The Dark Cloud on the Horizon
Why Israelis eye a potentially nuclear-armed Iran and worry that a cataclysm can't be averted
Most Israelis simply don't believe that diplomacy-and specifically, pressure through proposed U.N. Security Council sanctions-will stop Iran from developing nuclear weapons. Israeli leaders, naturally, would much prefer that the United States use its greatly superior military resources to take out Iran's far-flung, heavily protected nuclear facilities, but if America passes on the mission, some 60 percent of Israelis, according to a recent survey, want their own armed forces to do the job. "I hope the world will deal with this," said Iris Hasid, 39, shopping in the mall at Israel's ground zero-the 50-story Azrieli twin towers across the street from Israeli military headquarters in the heart of Tel Aviv. But when asked what Israel should do if the world doesn't deal with Iran's incipient nuclear power, Hasid, a healthcare administrator, replied without hesitation: "Go to war." The risk that Iran might strike back with weapons of mass destruction doesn't alter her view. "Israel has those weapons, too. I'm confident Israel is capable of defending itself. And," she said, smiling and pointing heavenward, "God will help."

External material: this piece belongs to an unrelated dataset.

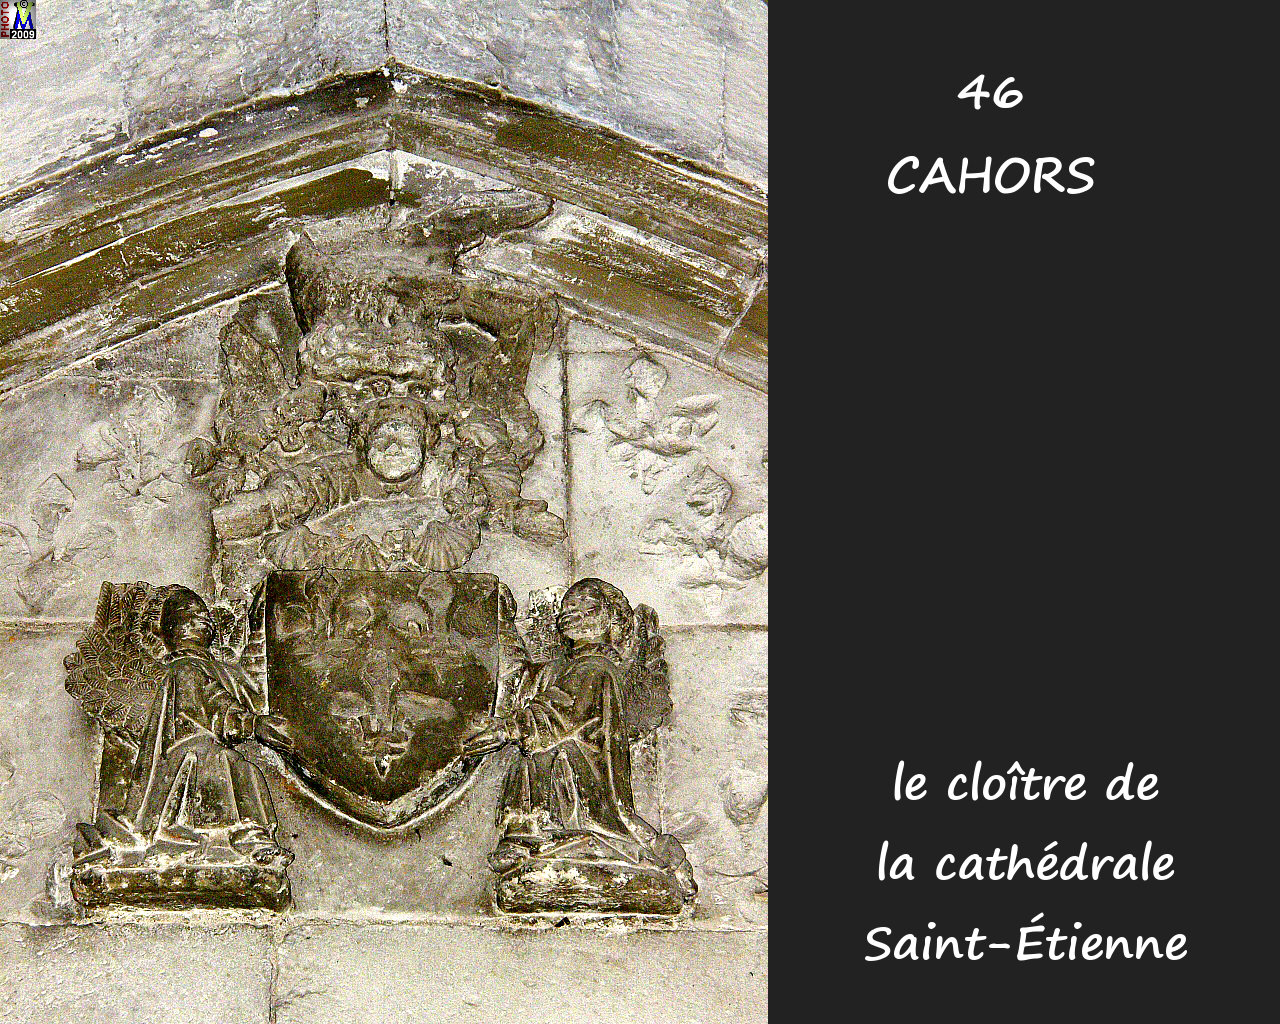 46CAHORS_cathedrale_334.jpg

Yet Israelis worry that Iran's leaders believe that God will help them, and that God, in the Iranians' understanding, has commanded them to destroy the "Zionist infidels." A basic belief in Israel (and elsewhere) is that religious-based political radicals are more dangerous than the secular brand because they are incapable of changing or moderating their views, which they believe to be God's word. So the Cold War-era deterrence concept of mutually assured destruction-a nuclear balance of terror that worked for the United States against the Soviet Union and China-doesn't ease many Israeli worries. Joseph Stalin's Soviet Union and Mao Zedong's China "were crazy regimes, but this crazy regime is crazier. Its ideology is jihad," said Labor Knesset member and former Mossad chief Danny Yatom, who added that his "working assumption" is that once Iran gets nuclear weapons, it will use them against the Jewish state.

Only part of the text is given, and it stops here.